Genomic Analysis of Community Transmission Networks for MRSA Among Females Entering a Large Inner-city Jail

Abstract

Background

It is unclear if there are differences in methicillin-resistant Staphylococcus aureus (MRSA) risk between sexes in high-risk populations.

Methods

Females incarcerated at the Cook County Jail were enrolled within 72 hours of intake. Surveillance cultures (nares, throat, groin) were collected to determine the prevalence of MRSA colonization. A survey was administered to identify colonization predictors. Univariate and multivariate analyses were performed to identify predictors of colonization at intake. Genomic sequencing was performed on MRSA colonization and archived clinical isolates.

Results

Two hundred fifty women were enrolled (70% African American, 15% Hispanic), with 70% previously in jail. The prevalence of MRSA colonization at intake was 20%, with 42% of those colonized solely in the throat or groin. Univariate predictors of MRSA colonization at entrance were illicit drug use, unstable housing, engaging in anal sex, recent exchange of sex for drugs/money, and a higher number of recent sexual partners. With multivariate adjustment for race/ethnicity, use of needles for illicit drugs was a significant predictor of MRSA. Use of illicit drugs was also associated with inclusion in a genomic cluster. Nares colonization was significantly associated with not being in a genomic cluster (18.8% vs 78.6%; P < .001), whereas exclusive extranasal colonization was associated (odds ratio, 15.89; P < .001).

Conclusions

We found that a high proportion (20%) of females entered jail colonized with MRSA, suggesting that previously reported sex disparities of a lower risk in women may not apply to high-risk populations. Our findings suggest high-risk activities or venues in the community for MRSA, with potential for directing sex-specific interventions.

Community-associated methicillin-resistant Staphylococcus aureus (CA-MRSA) has become a major clinical problem [1]. The predominant CA-MRSA strain in the United States—now endemic in some cities [2]—is pulsed-field gel electrophoresis-type USA300 [3]. There has been a disproportionate burden of CA-MRSA in particular disadvantaged populations [4, 5]. Incarceration exposure, illicit drug use, social networks, and high-risk living situations have been hypothesized to contribute to observed MRSA disparities [6–8]. A sex disparity in MRSA risk—more carriage and infection in men—also has been reported [9], but it is not clear if this disparity applies to high-risk populations.

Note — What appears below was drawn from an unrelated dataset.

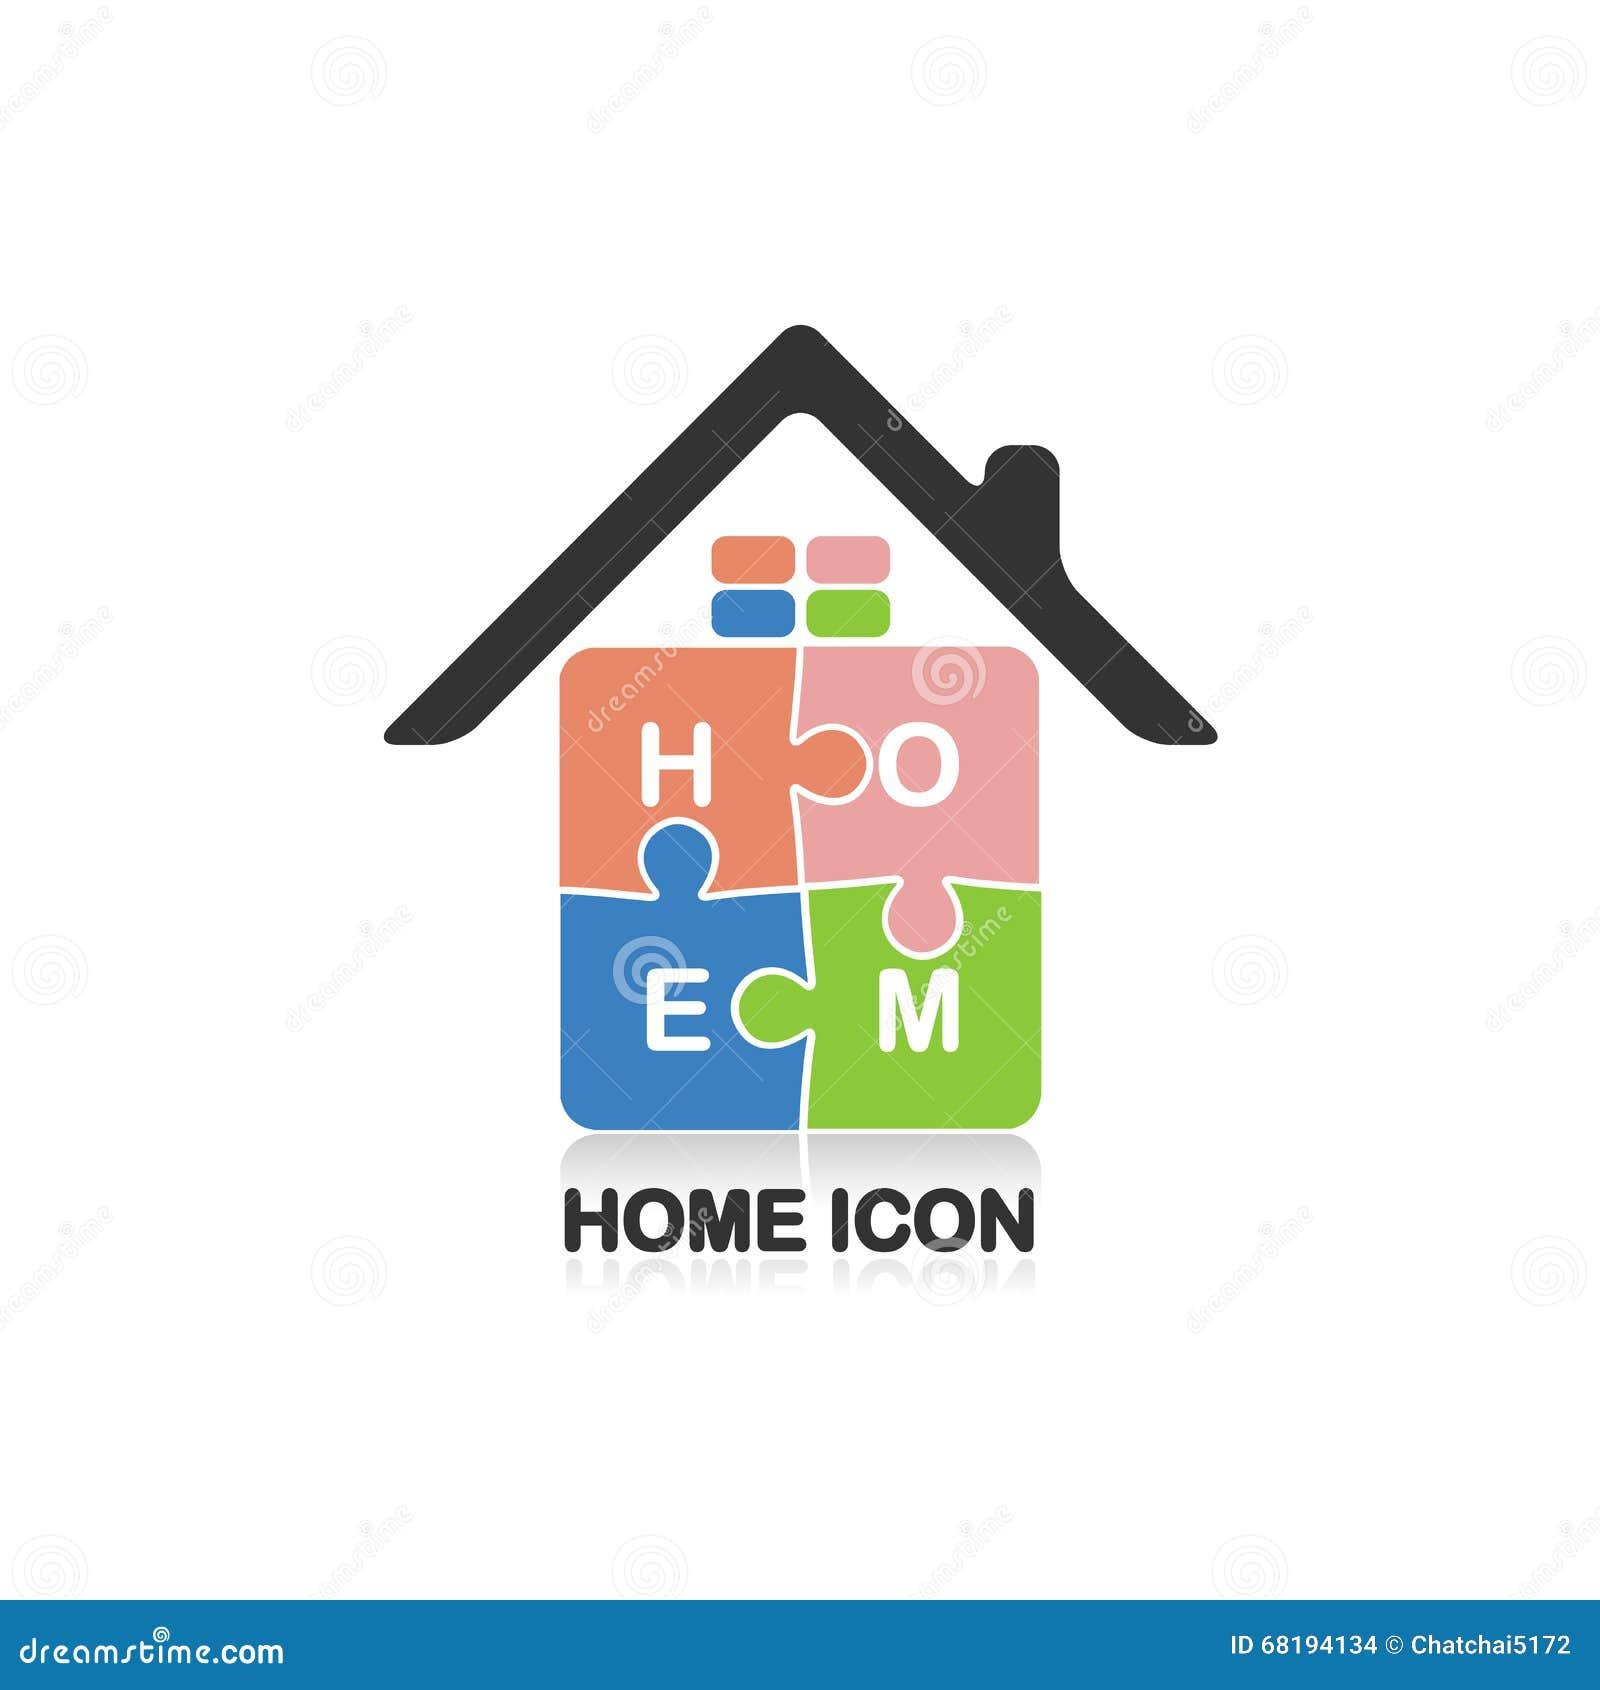 Real Estate Logocreative House Logoabstract Buildings Sign

One identified risk factor for USA300 is residence in congregate living settings such as correctional facilities [10–12]. Urban jails—characterized by short-term incarceration while awaiting trial or sentencing, high turnover, and high recidivism—may be a site where high-risk networks can intersect [13, 14]. Prior work has demonstrated that inner-city jails can be important sites for public health interventions aimed at directly benefiting detainees and subsequently improving the health of the community at large [15–18]. This approach could be extended to MRSA to maximize the benefits of a nonhospital intervention.

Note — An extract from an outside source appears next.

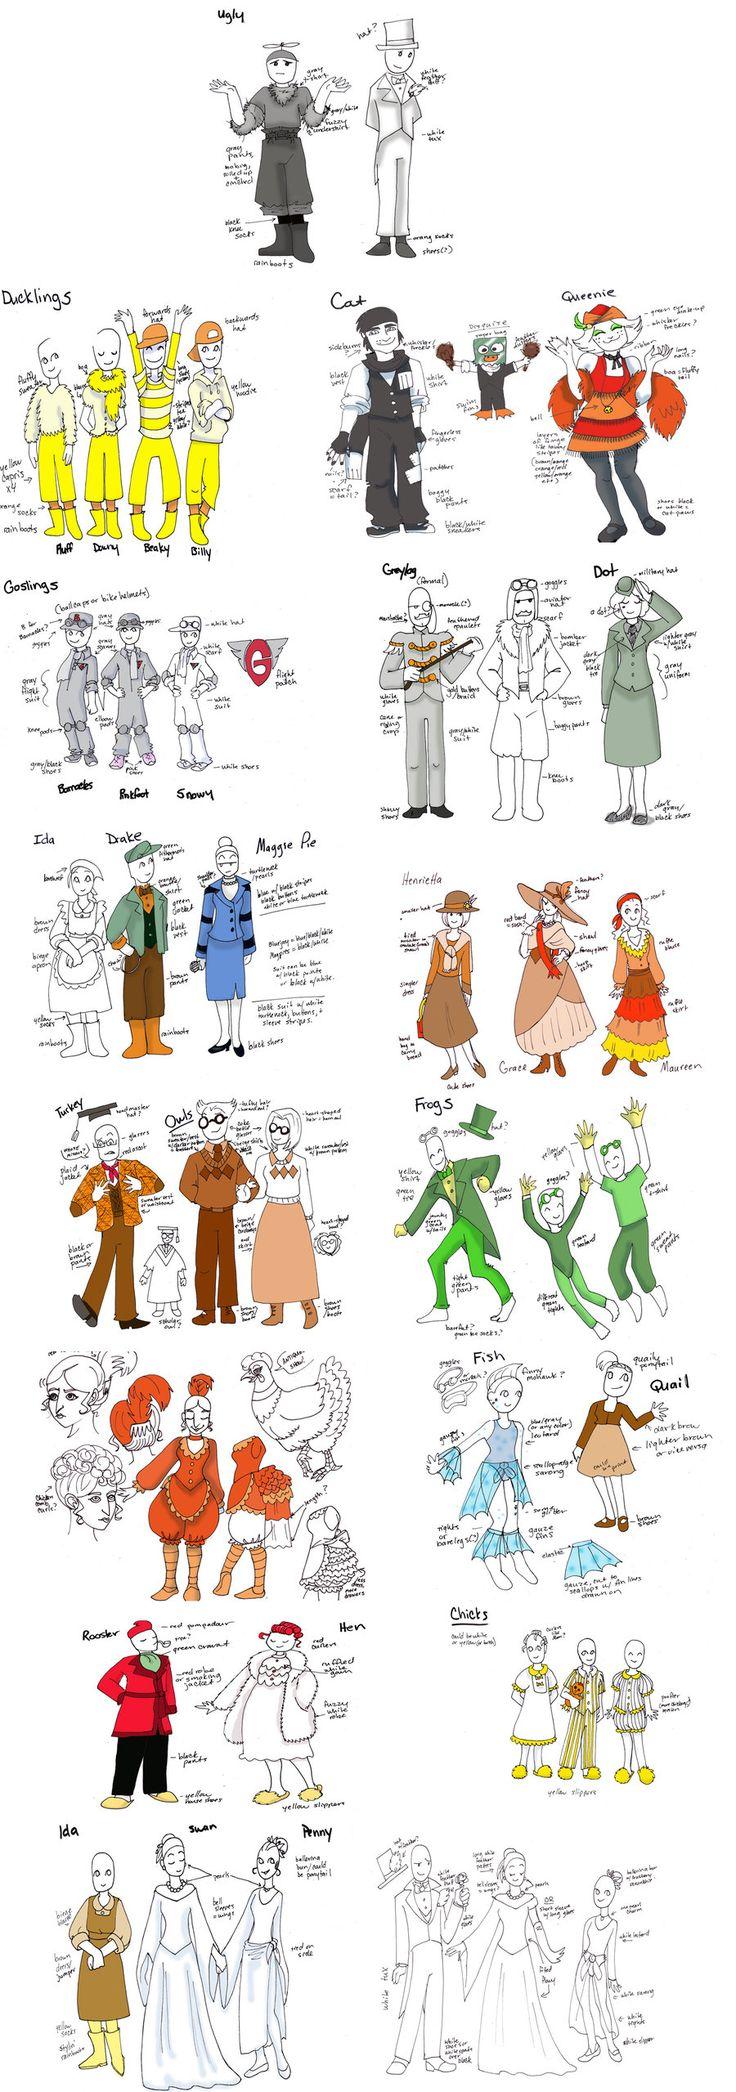 costumes for Honk! by hermitchild.deviantart.com on @DeviantArt

It is unclear if in high-risk populations, such as persons in correctional facilities, the risk for MRSA in females could be similar to that in males. Prior evaluation of high-risk females suggests that the risk for MRSA is significantly higher than in the general population [19] and nears it that of high-risk males [4, 20]. In addition, females entering a jail might have different risks—drug, sexual, and community exposures—from male detainees [20, 21].

Examining sex differences in MRSA risk may provide epidemiologic-driven planning of interventions for MRSA control. We sought to determine the prevalence of MRSA colonization in females at entrance to a large urban jail and identify community MRSA risk factors. Whole-genome sequencing (WGS) was used to delineate the genomic epidemiology of MRSA strains.

METHODS

Study Population

The study setting was the Cook County Jail (Chicago, IL, USA), one of the largest single-site jails in the United States, with roughly 250 incarcerations per day and an average daily census of 9000–10 000 detainees during the study (for females, 25 incarcerations per day and an average daily census of 900–1000). From August 2017 through May 2018, incarcerated females were enrolled at intake to the jail. Females were followed during incarceration and were eligible for study visits at day 15 and day 30 if still incarcerated.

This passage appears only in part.